Alabel is known for its beaches and agricultural lands.
- Ladol Beach
- Half Moon (known as Kawas) Beach

==Culture==
The Municipality of Alabel celebrates it Foundation anniversary every 10th day of September. It is an annual celebration to commemorate the founding of the town. Together the people of Alabel also celebrates the Kasadyaan Festival. Kasadyaan means bliss, to give an ideal representation of what is Alabel.

The annual Patronal Fiesta in Alabel is celebrated every May 15. It is feast day of San Isidro Labrador, the town's patron saint and the patron saint of farmers.
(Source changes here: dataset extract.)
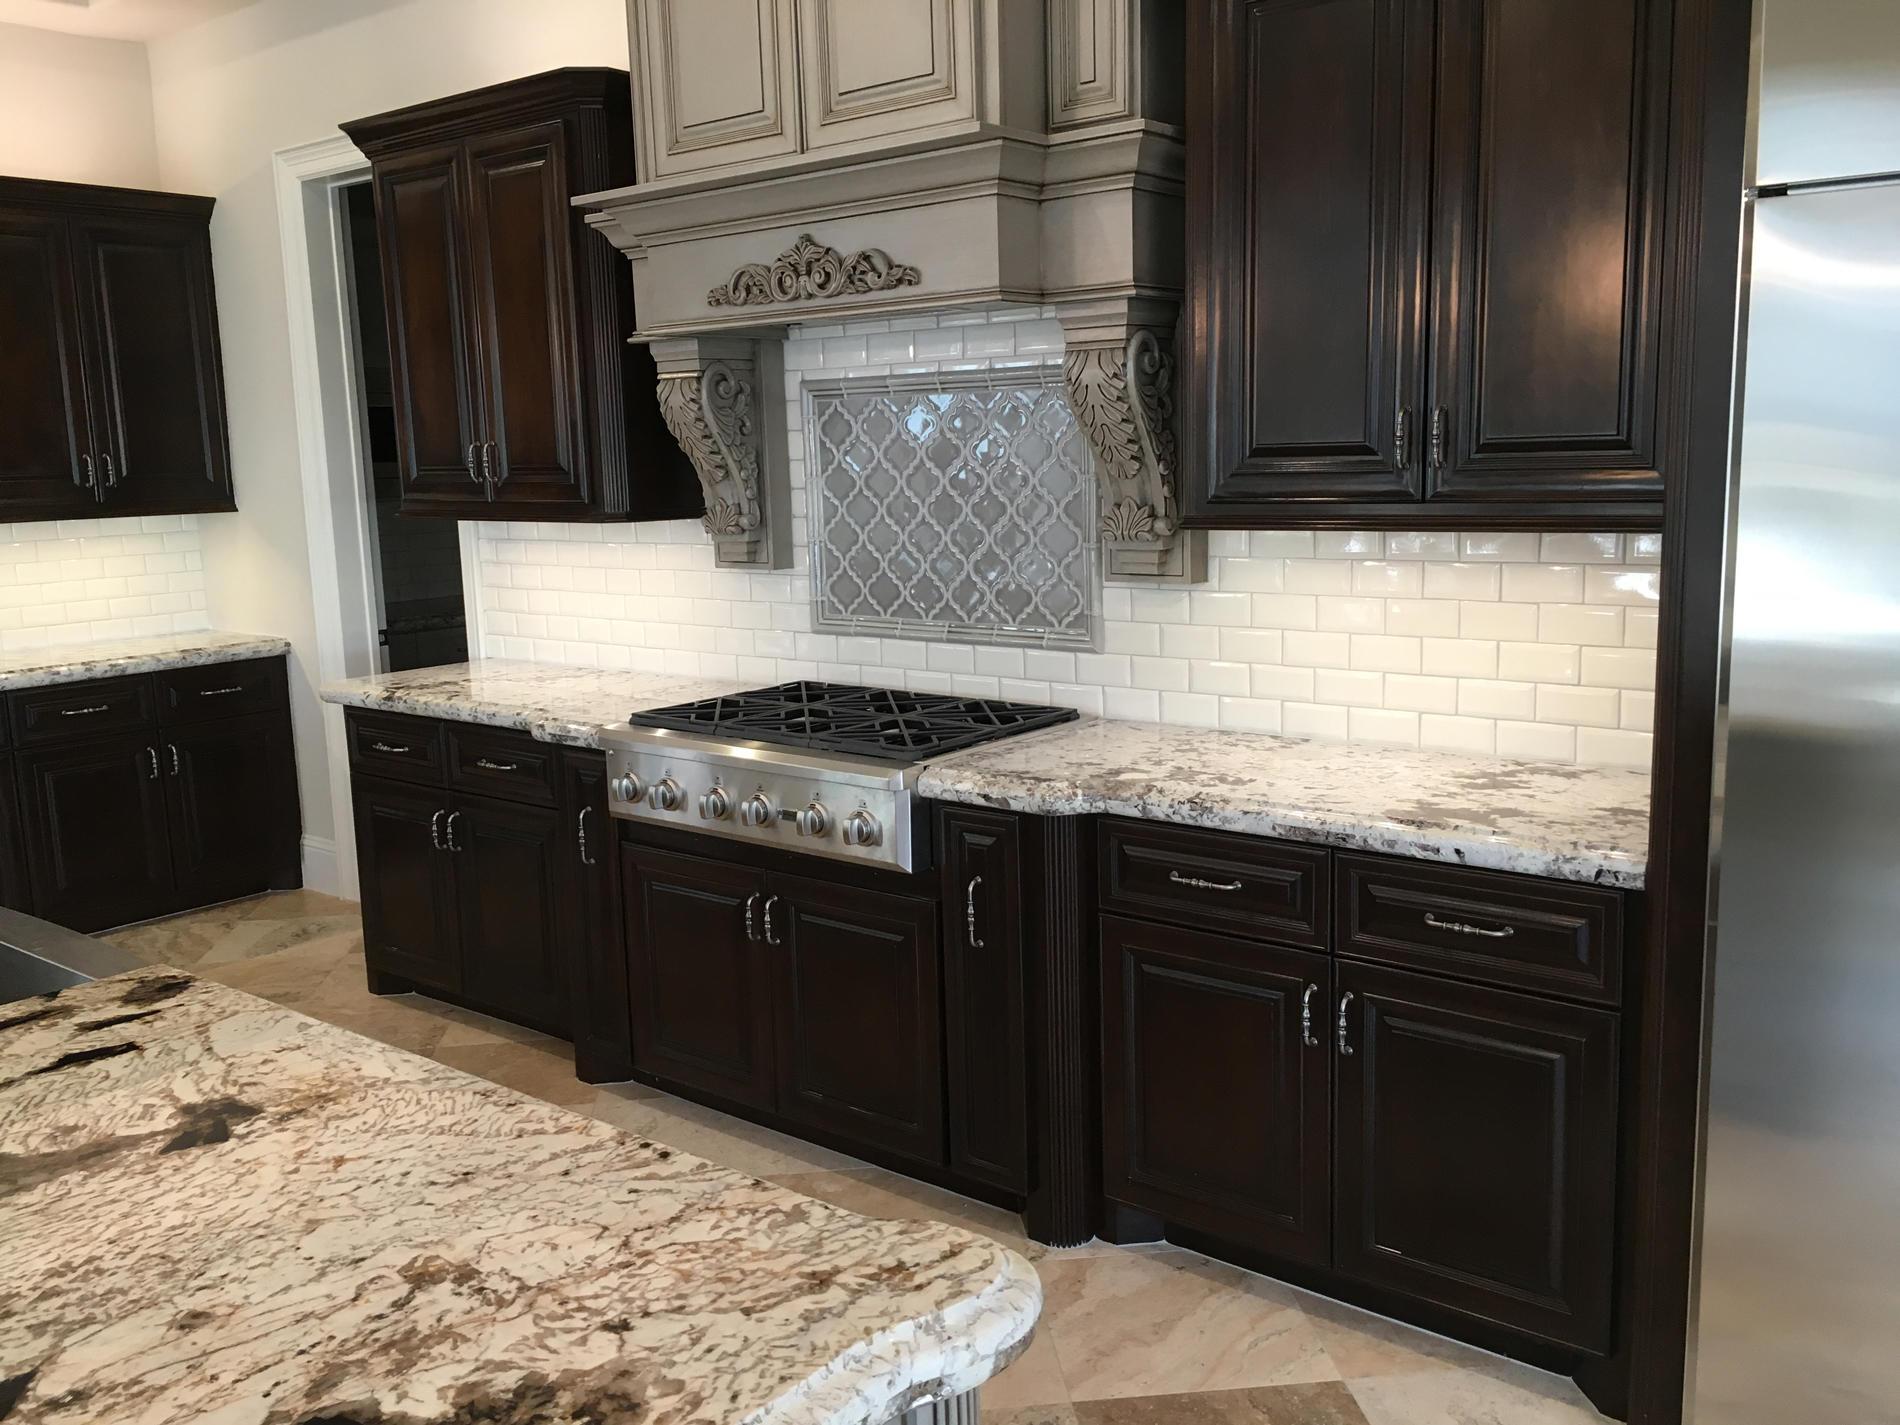 Artech design inc - DBA Floors Kitchen and Bath image 23
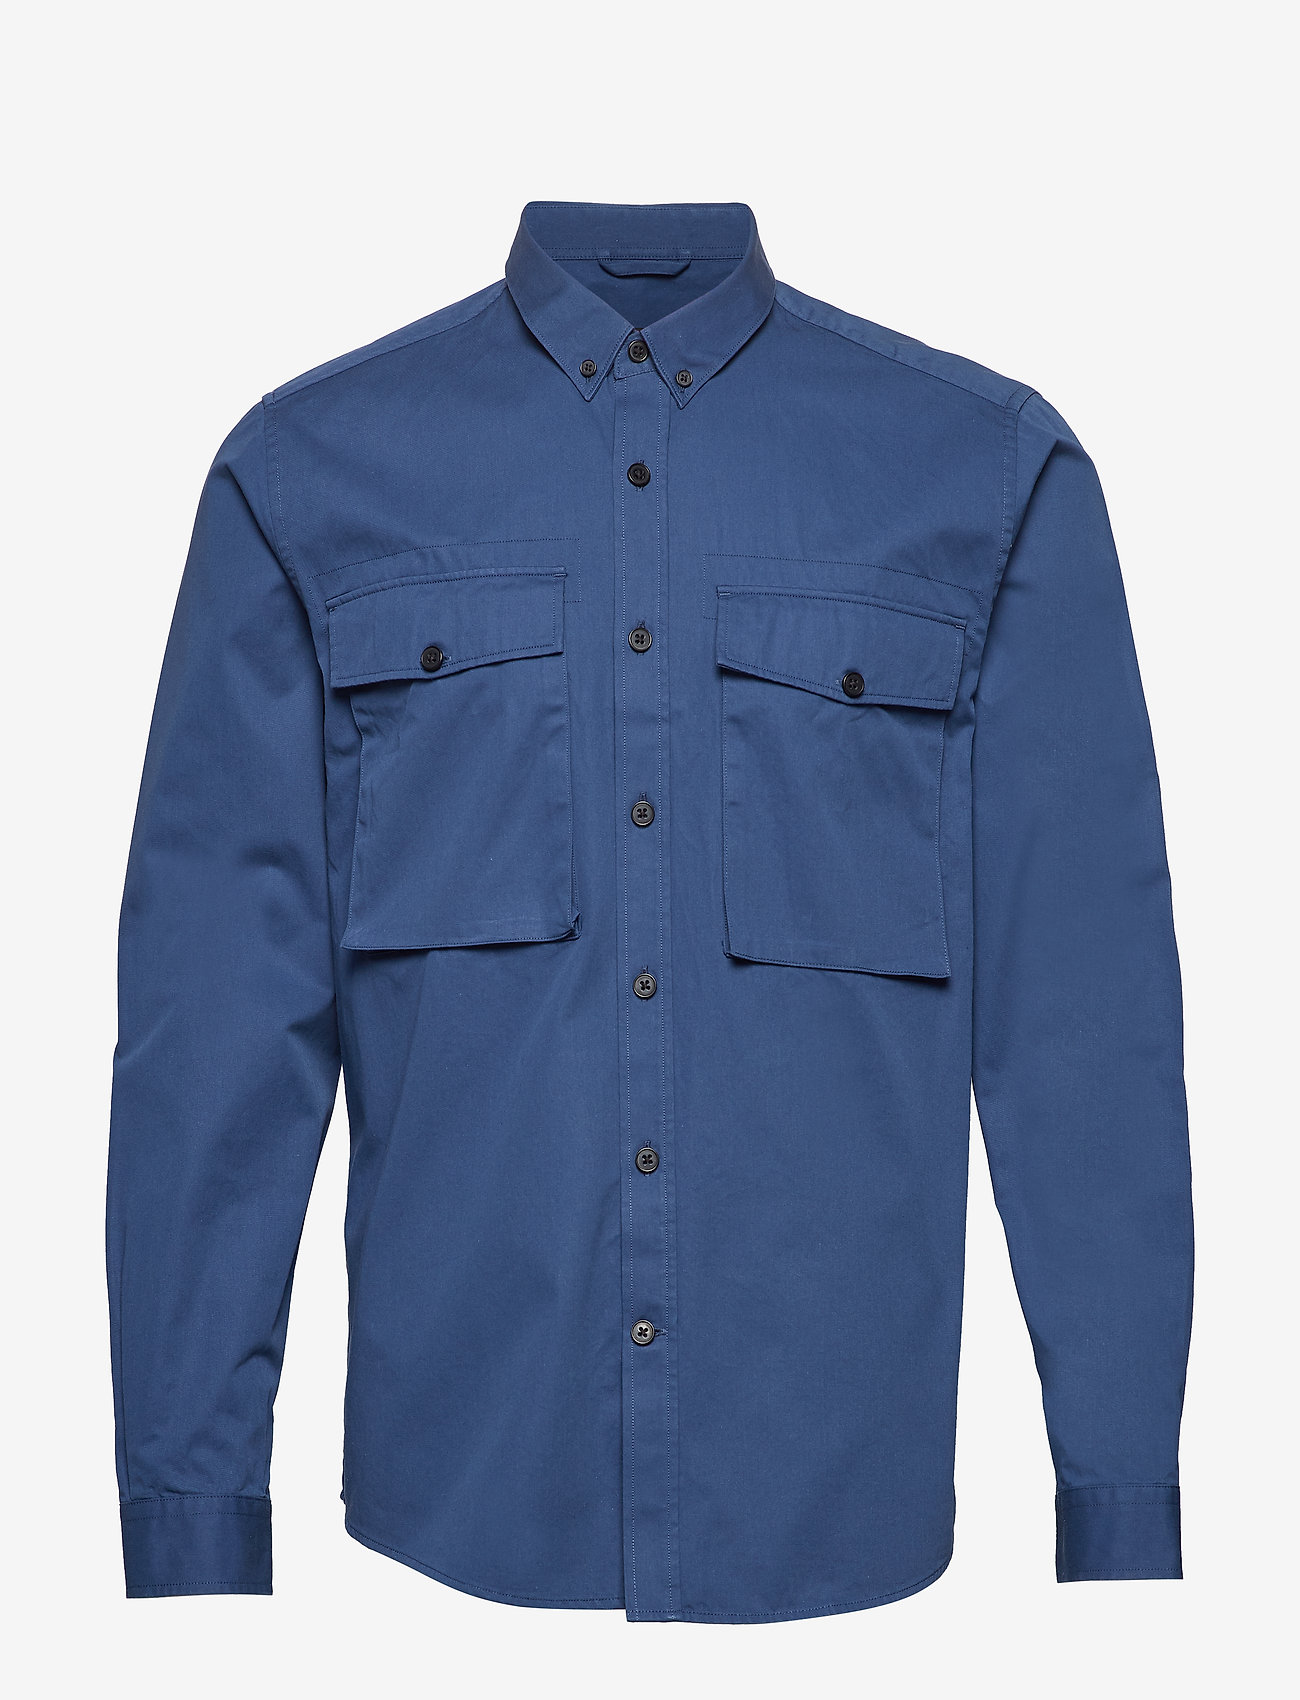 Peak Performance - DEAN MILIS - denim overhemden - decent blue - 0

| Barangay | Anniversary |
|---|---|
| Datal Anggas | April 9 |
| Poblacion | September 15 |
| Bagacay | June 8 |
| Spring | June 9 |
| Ladol | August 22 |
| Maribulan | August 12 |
| Pag-asa | August 10 |
| Baluntay | September 25 |
| Kawas | October 16 |
| Paraiso | October 11 |
| Alegria | November 25 |
| Domolok | November 29 |
| Tokawal | December 15 |
| New Canaan, Pag-asa | August 20 |

Mutya ng Alabel is the annual beauty and brains pageant held in Alabel.

==Infrastructure==
The construction of new municipal hall building was initialized in 2016. Municipal Civic Gymnasium facade was also renovated.

===Transportation===
It takes 30 minutes land travel by a PUV or tricycle from General Santos to Alabel. ALTRAMSCO is the accredited transport union in Alabel.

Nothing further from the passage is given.